> Data segment:
▽

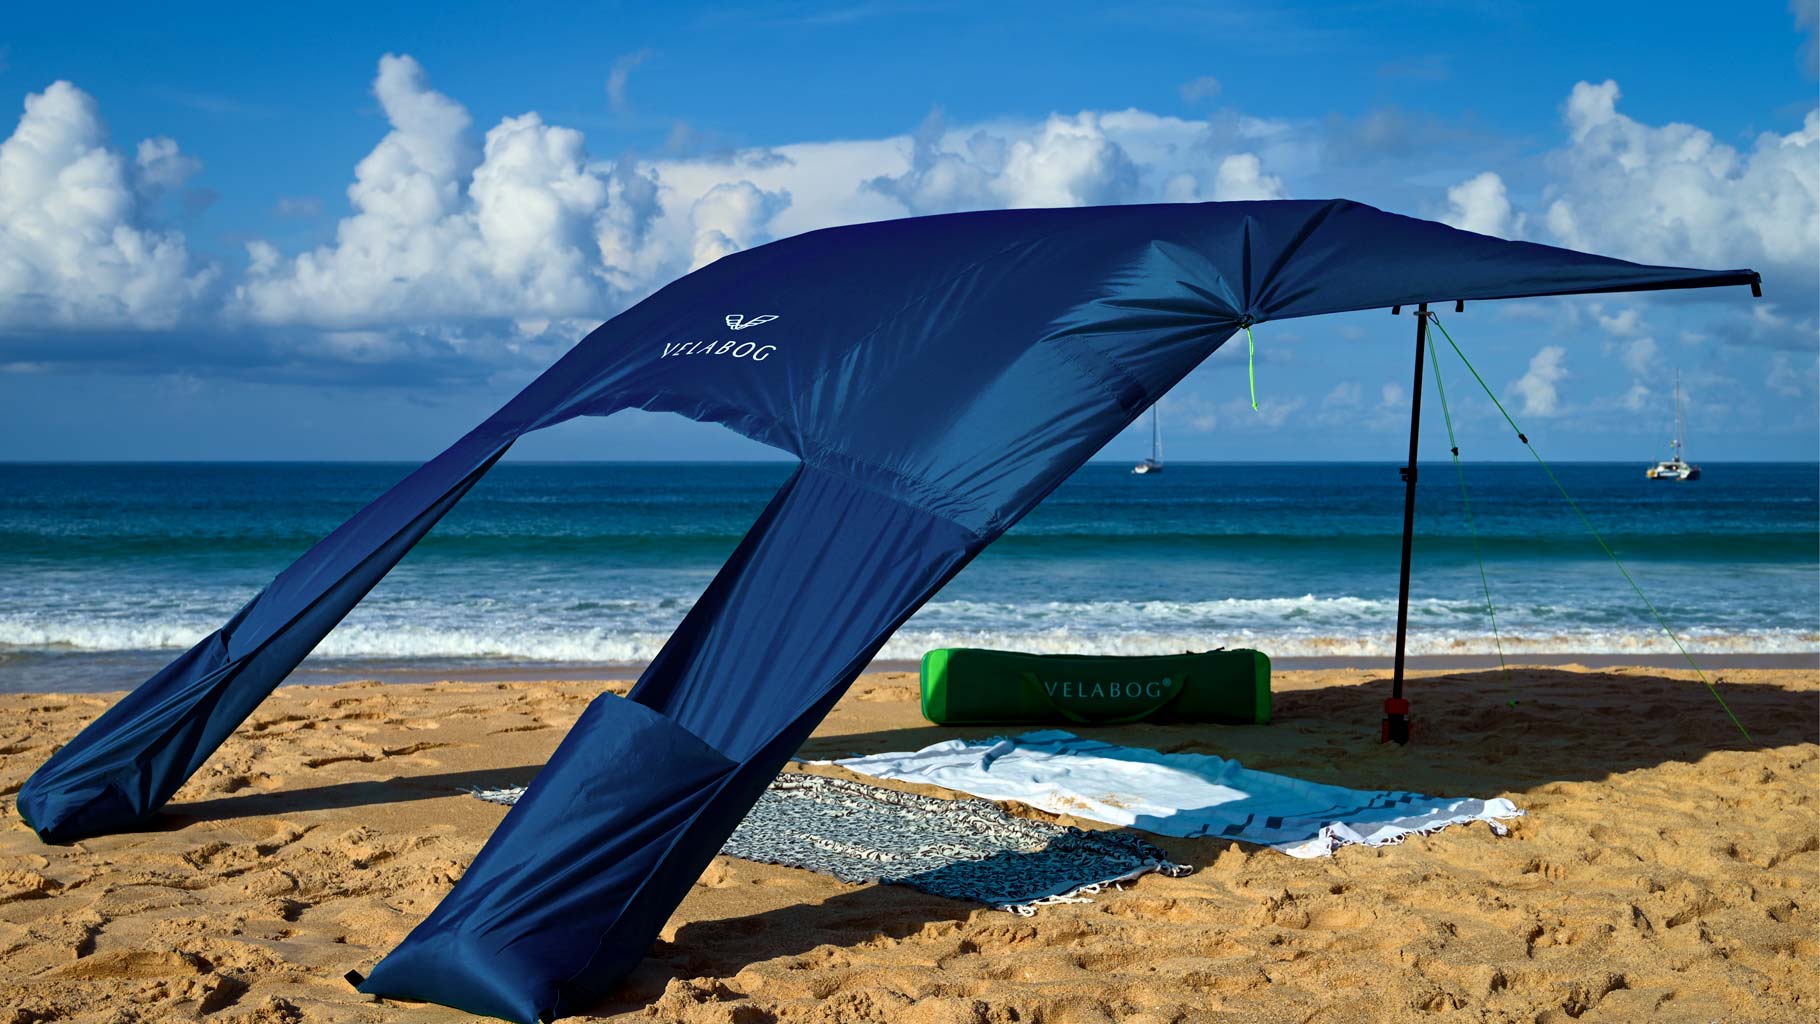 Toldo playa Velabog Breeze, azul nocturno, en una playa con mucho viento. Toldo playa, sombrilla y refugio de playa en uno. Muy grande y a la vez compacto. Vista inclinada desde atrás.
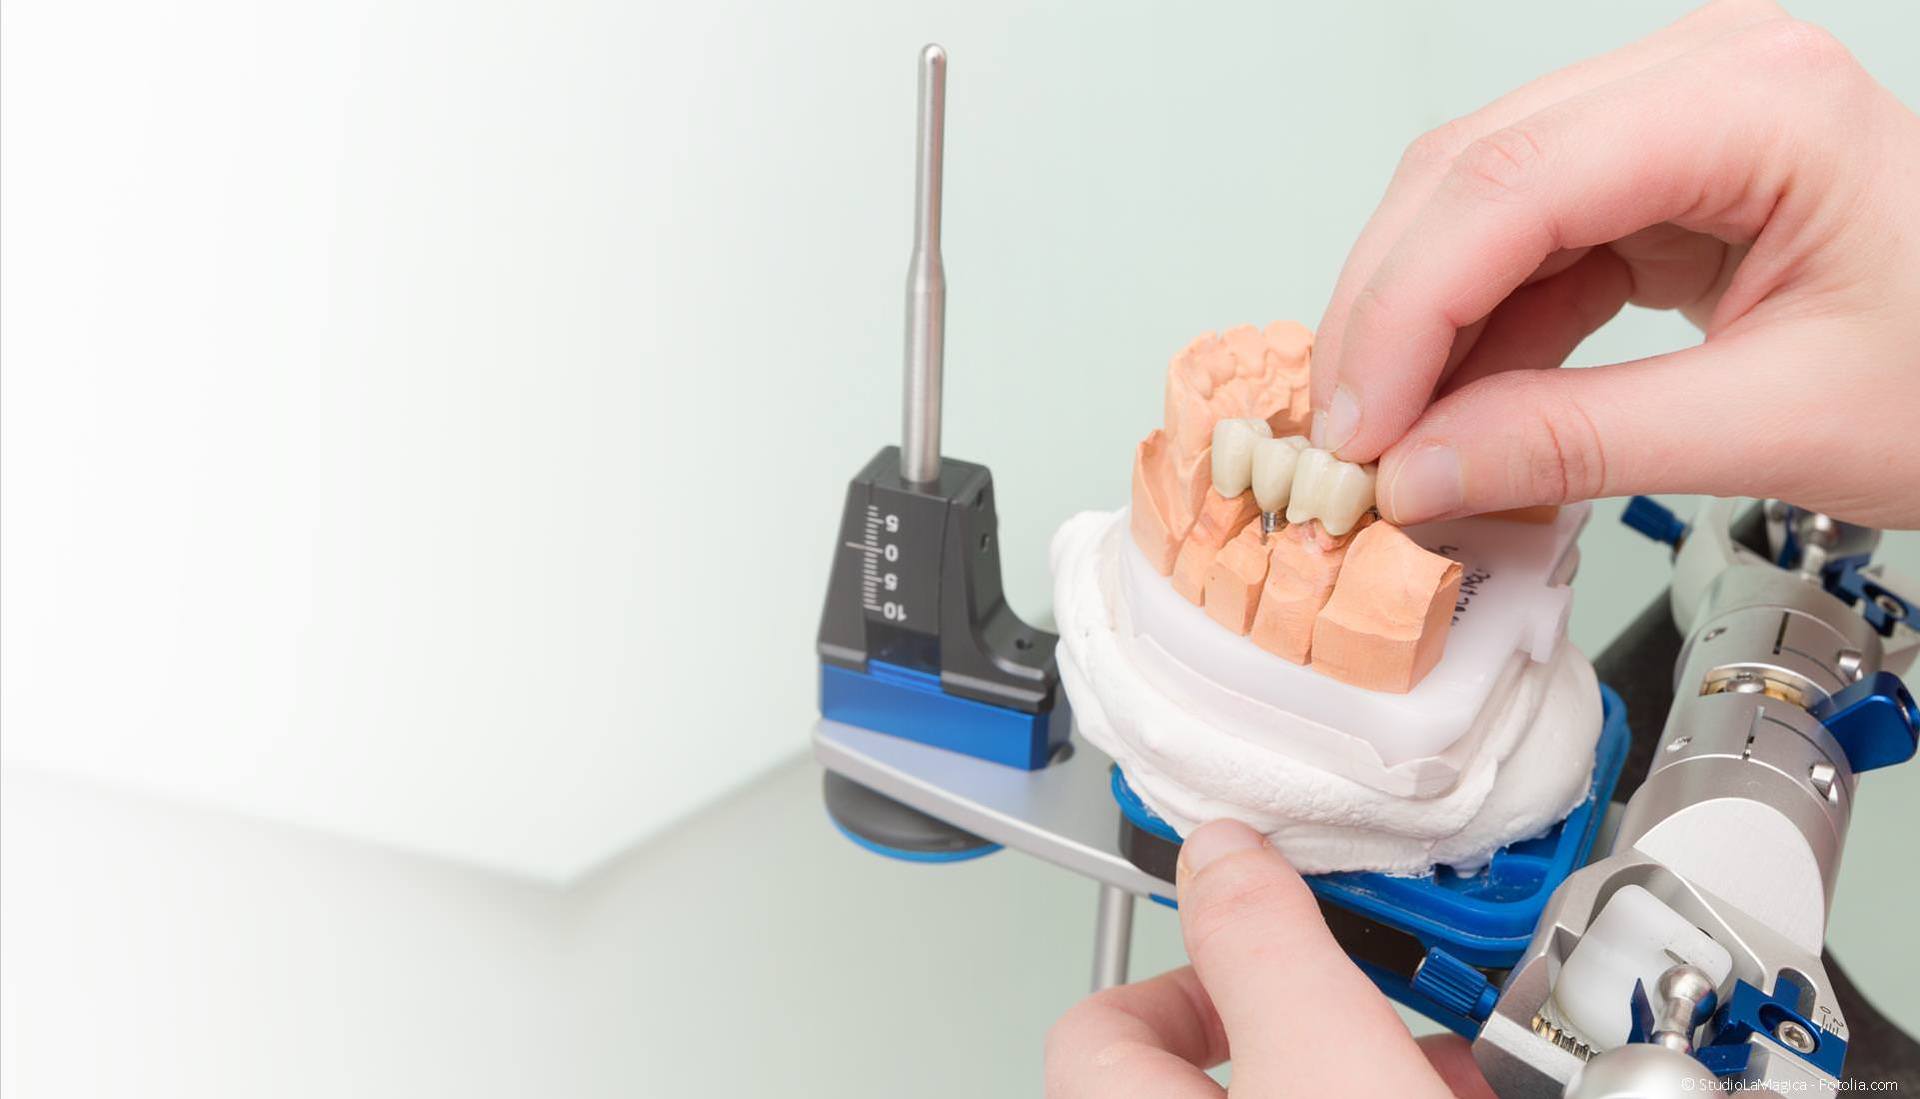 Zahntechnik: Zahnersatz-Herstellung im Dentallabor
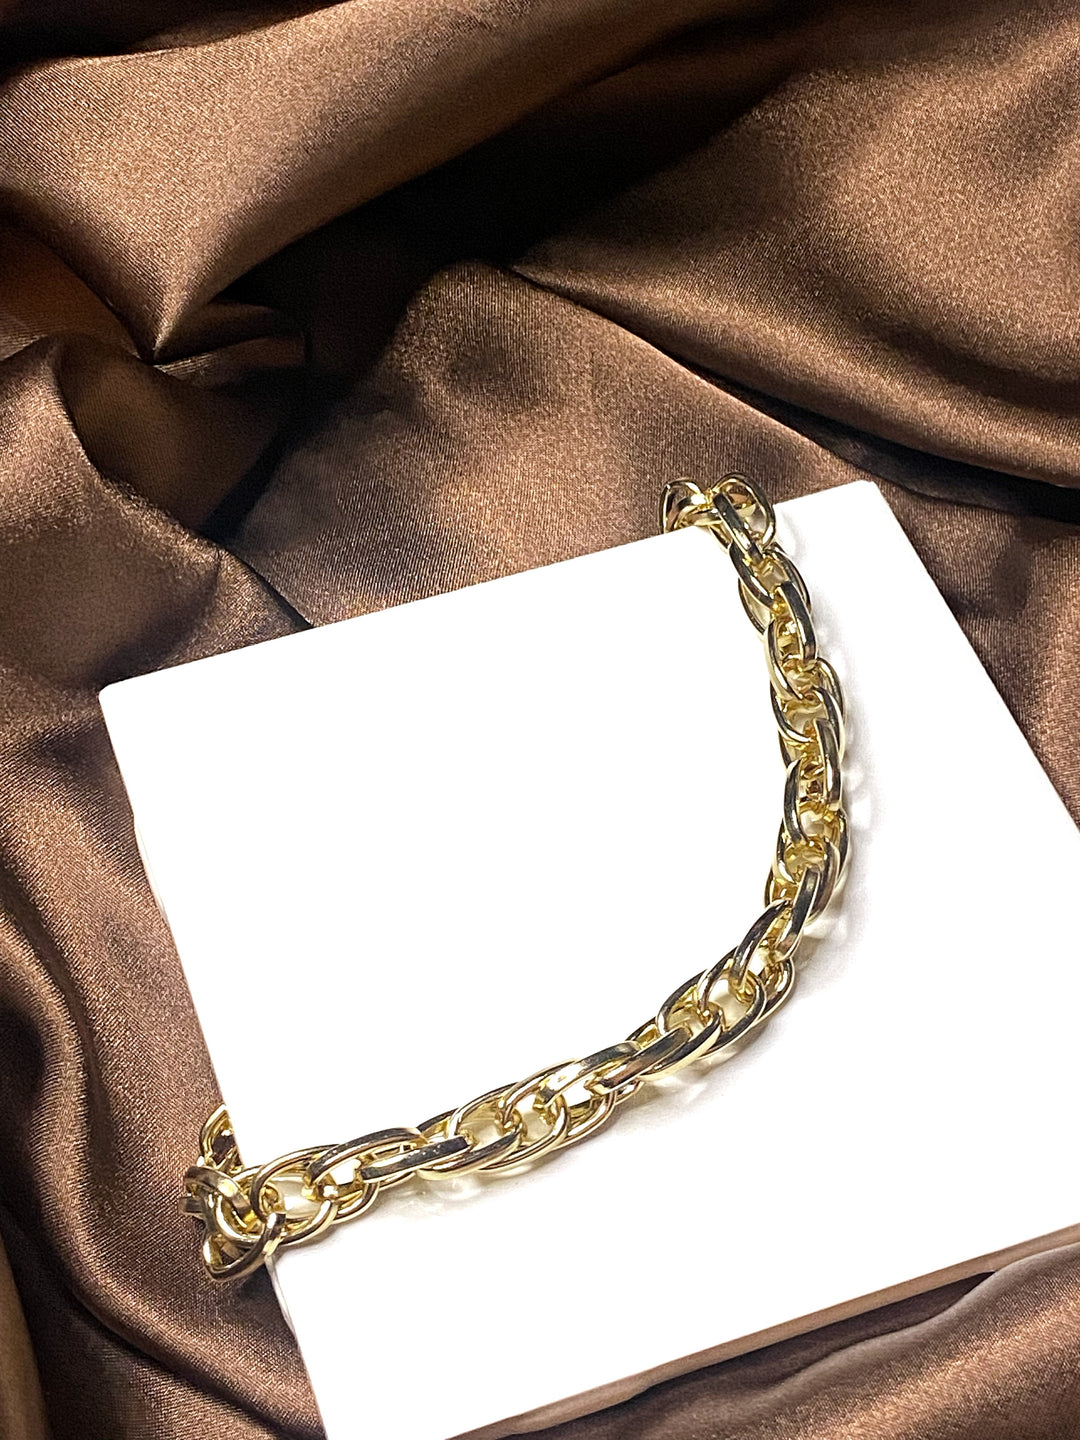 Blaire Chain Necklace

△

> Try it:
For your answer, write out the data exactly and drop every picture.

> Completed task:
 Toldo playa Velabog Breeze, azul nocturno, en una playa con mucho viento. Toldo playa, sombrilla y refugio de playa en uno. Muy grande y a la vez compacto. Vista inclinada desde atrás.
 Zahntechnik: Zahnersatz-Herstellung im Dentallabor
 Blaire Chain Necklace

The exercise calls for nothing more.